Xenograft Experiment

Ten BABL/c mice (male, 6-week old) were obtained from the Laboratory Animal Center of Nanjing University. A total of 4×106 A549 cells (in 0.2 mL of RPMI-1640 containing Matrigel) were subcutaneously injected into the right flanks of nude mice. After inoculation for 7 days, the mice were randomly divided into eight groups (n=5): si-NC, si-circPRKCA#3, si-circPRKCA#3+in-miR-NC, si-circPRKCA#3+in-miR-330-5p, miR-NC, miR-330-5p, miR-330-5p+pcDNA, and miR-330-5p+PDK1. The tumors were treated with oligonucleotides (10 nM) alone or along with vectors (0.5 μg) every 3.5 days, and tumor size (length and width) was measured every 7 days after inoculation. On the 28th day, the mice were killed and the tumors were resected; the tumor weight was measured, and tumor tissues were stored in liquid nitrogen for further total RNA and protein isolation. The animal experiment was approved by the animal care and Ethics Committee of the Yantai Yuhuangding Hospital. Animal studies were performed in compliance with the ARRIVE guidelines and the Basel Declaration. All animals received humane care according to the National Institutes of Health (USA) guidelines.

Statistical Analysis

Statistical analyses were performed using GraphPad software 7.0 (GraphPad, San Diego, CA, USA), and the data was presented as mean±standard deviation. The detection results were analyzed using two tailed Student’s t-test and one-way analysis of variance followed by a Tukey multiple comparisons post-test. Statistical significance was set at P<0.05 (*), P<0.01 (**), P<0.001 (***), and P<0.0001 (****).

Results

CircPRKCA Was Upregulated in NSCLC Tumors and Cell Lines

According to the GSE112214 database, a cluster of circRNAs were abnormally expressed in NSCLC tumor tissues (n=3) compared to matched adjacent normal tissues (n=3), and the top eight upregulated circRNAs and downregulated circRNAs were presented (Figure 1A). Since circPRKCA was the most upregulated one, we further confirmed its expression in a cohort of NSCLC patients (n=51) using RT-qPCR analysis. As shown in Figure 1B, expression level of circPRKCA was higher (3.1-fold, P<0.0001) in tumor tissues than normal tissues. Besides, the circPRKCA level was even higher in advanced NSCLC tumors (III+IV; n=30) versus that in early stages (I+II; n=21) (Figure 1C). By the way, high expression of circPRKCA was correlated with TNM stage and lymph node metastasis in this cohort of NSCLC patients (Table 1). In vitro, we validated circPRKCA expression in human NSCLC cell lines, and RT-qPCR data showed an upregulation of circPRKCA in A549 and H1299 cells paralleled with BEAS-2B cells (Figure 1D). These results demonstrated that circPRKCA was upregulated in NSCLC tumor tissues and cells, suggesting a potential oncogenic role of circPRKCA in NSCLC.
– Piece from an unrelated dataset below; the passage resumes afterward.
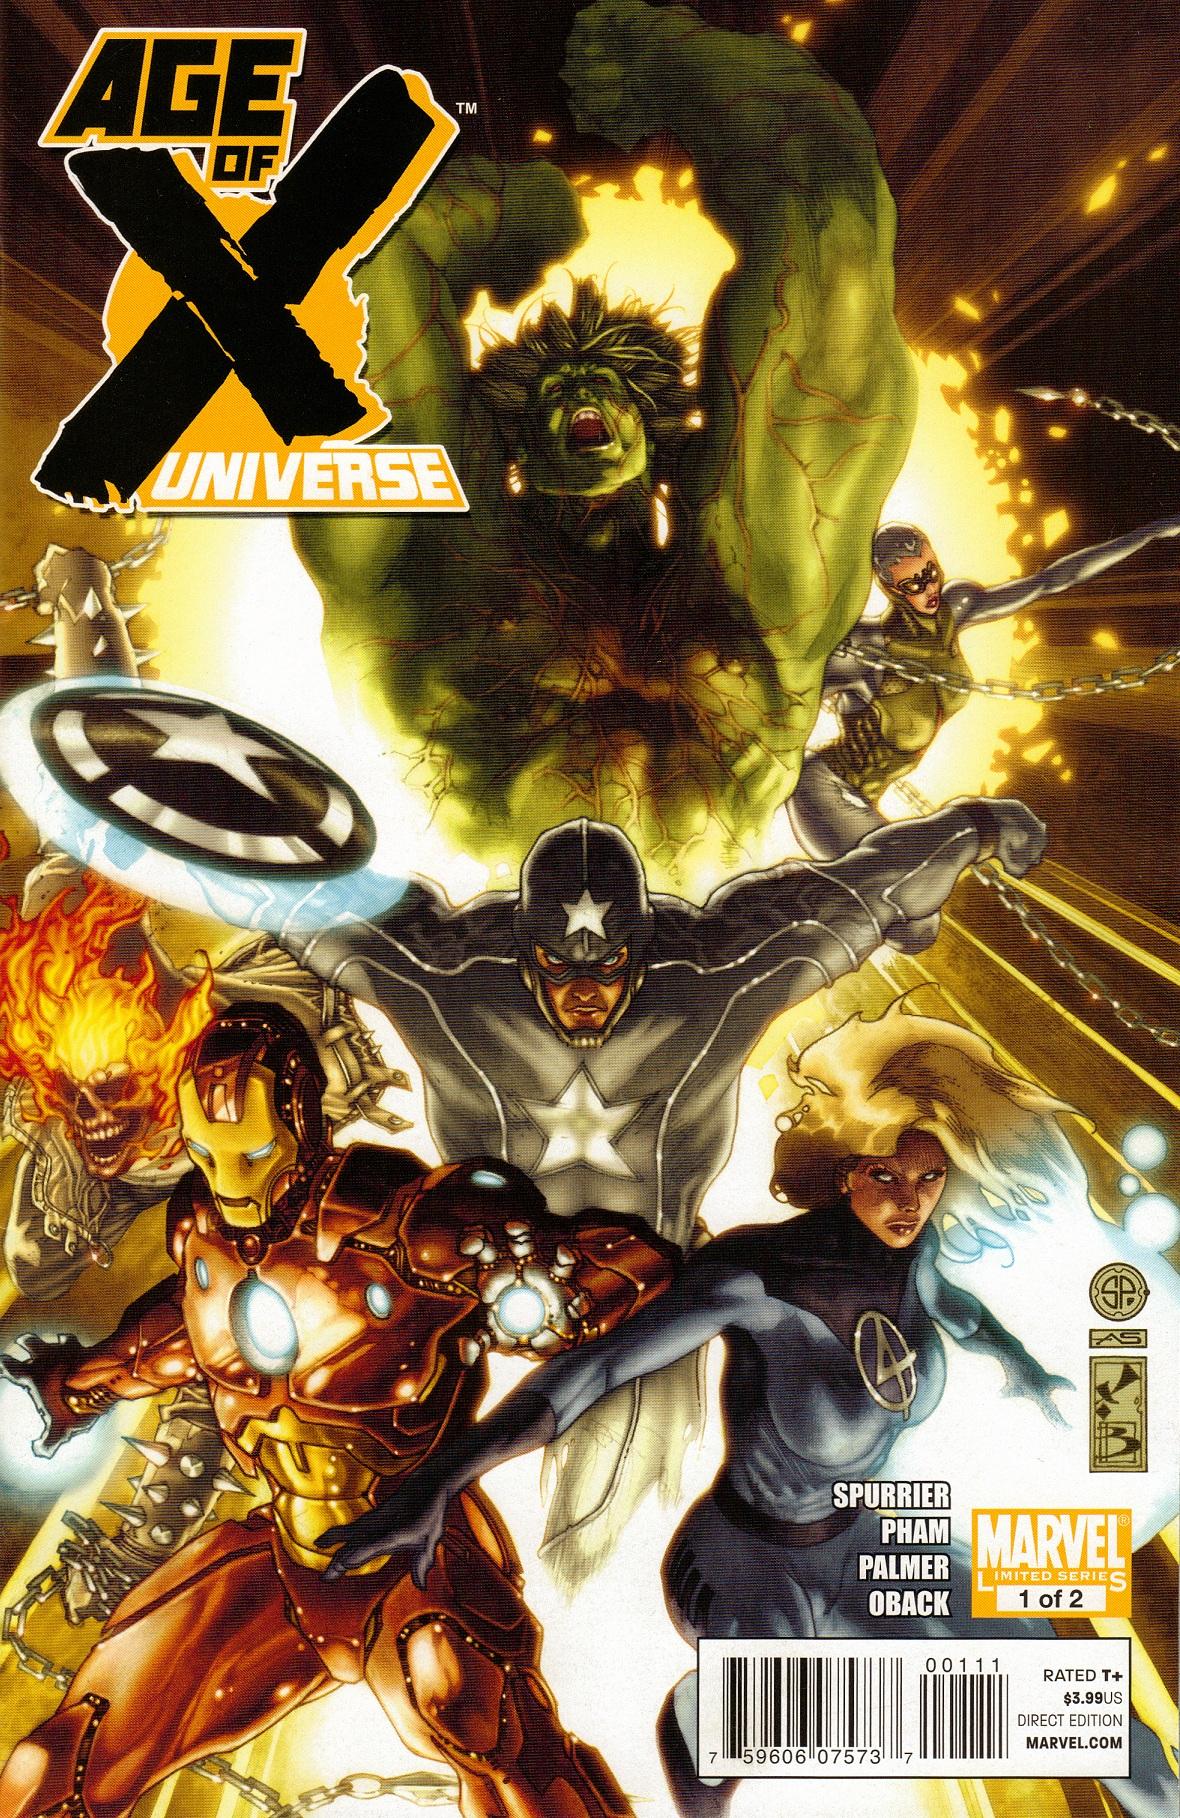 Age of X Universe Vol. 1 #1

Figure 1 Circular RNA derived from human PRKCA (hsa_circPRKCA_024, circPRKCA) was upregulated in non-small-cell lung cancer (NSCLC). (A) GSE112214 database showed the heatmap of top eight upregulated and downregulated circRNAs in NSCLC tumor tissues (n=3; Tumor) and matched adjacent normal tissues (n=3; Normal). (B) RT-qPCR measured circPRKCA expression level in 51 paired human NSCLC Normal samples and Tumor samples. (C) RT-qPCR compared circPRKCA expression level in NSCLC tumor tissues at early stages (I+II; n=21) and advantage stages (III+IV; n=30). (D) RT-qPCR compared circPRKCA expression level in two human NSCLC cell lines A549 and H1299, and one normal cell line BEAS-2B. **P<0.01, ***P<0.001, and ****P<0.0001.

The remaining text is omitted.